Gayrimenkul değerlerken kullanılan başlıca yöntemler şunlardır:
- Emsal Karşılaştırma Yöntemi
- Maliyet Yöntemi
- Gelir Yaklaşımı Yöntemi: Gayrimenkulün gelir getirme potansiyeline dayalı olarak değerleme yapılır, özellikle kiralık gayrimenkuller için kullanılır.
- Geliştirme Yöntemi: Gayrimenkulün gelecekteki potansiyelini göz önünde bulundurarak değerleme yapılır, genellikle arazi değerlemeleri ve proje geliştirme süreçlerinde kullanılır.
Burada daha çok bizi ilgilendiren kısım emsal karşılaştırma yöntemi, maliyet yöntemi ve gelir yaklaşımı. Burada en basit olandan emsal karşılaştırma yöntemine kısaca değinmek istiyorum. Bu yaklaşımlara enerji kimlik belgesinin de dahil olduğu şekli ile yazıma yön vermek istiyorum.
Enerji Kimlik Belgesi Nedir?
Enerji kimlik belgesi, 5627 sayılı Enerji Verimliliği Kanunu kapsamında zorunlu hâle getirilmiş ve binaların enerji performansını ölçen resmi bir belgedir. Bu belge; binanın yıllık enerji tüketimini, yalıtım özelliklerini, ısıtma ve soğutma sistemlerinin verimliliğini ve yıllık karbon salım değerini gösterir.
Sonuç olarak bina, A’dan G’ye kadar olan bir enerji sınıfına yerleştirilir. A enerji sınıfı en verimli yapıyı, G ise en düşük performansa sahip yapıyı ifade eder.
Enerji Kimlik Belgesi ve Gayrimenkul Değeri Arasındaki İlişki
Enerji sınıfı yüksek olan binalar, yani A, B ve C sınıfındaki yapılar:
- Daha düşük enerji tüketir,
- Daha düşük aidat ve fatura giderleri sunar,
- Daha sürdürülebilir yaşam alanları sağlar,
- Pazarlanabilirliği daha yüksektir,
- Dolayısıyla daha yüksek piyasa değerine sahip olur.

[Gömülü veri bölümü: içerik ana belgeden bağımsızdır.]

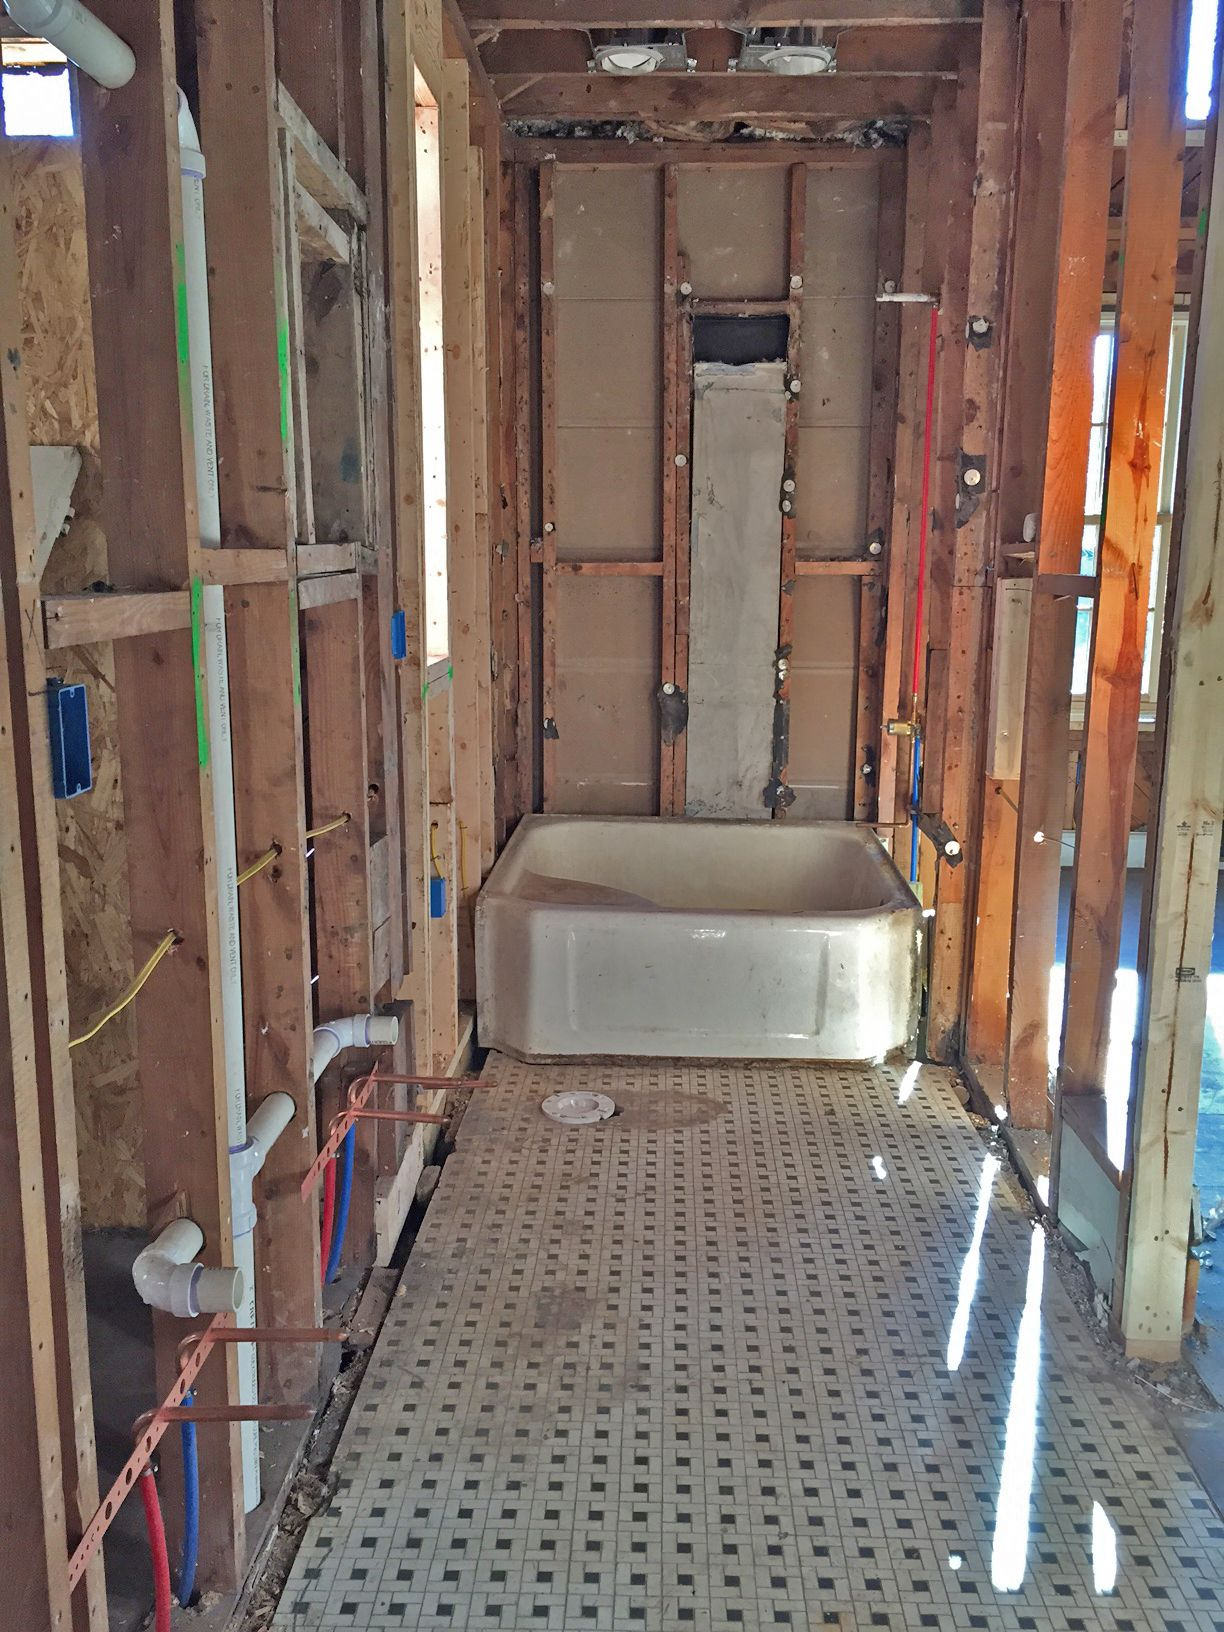 Bathroom Plumbing Diagram Concrete Slab 6 Pin Cdi Unit Wiring Trends 2017 2018 Batrom

Gayrimenkul değerleme uzmanları olarak bizler, taşınmazın değerini belirlerken artık sadece konumunu, fiziksel durumunu veya yapı kalitesini değil; aynı zamanda gayrimenkule entegre olan enerji performansını da dikkate almak durumunda kalacağız. Özellikle yeni projelerde ve kentsel dönüşüm süreçlerinde enerji sınıfı yüksek binalar, değerleme kriterleri arasında ayrıştırıcı bir faktör ve değer göstergesi hâline gelmiştir.
Örneğin, A sınıfı enerji kimliğine sahip bir bina hem gelir hem de maliyet yaklaşımı açısından daha avantajlıdır. Çünkü:
- Kira potansiyeli yüksektir (daha az gider, daha çok talep),
- İşletme maliyetleri düşüktür (daha verimli sistemler),
- Yapı maliyetlerinde kullanılan yalıtım ve verimli sistemler, değerlemeye pozitif katkı sağlar.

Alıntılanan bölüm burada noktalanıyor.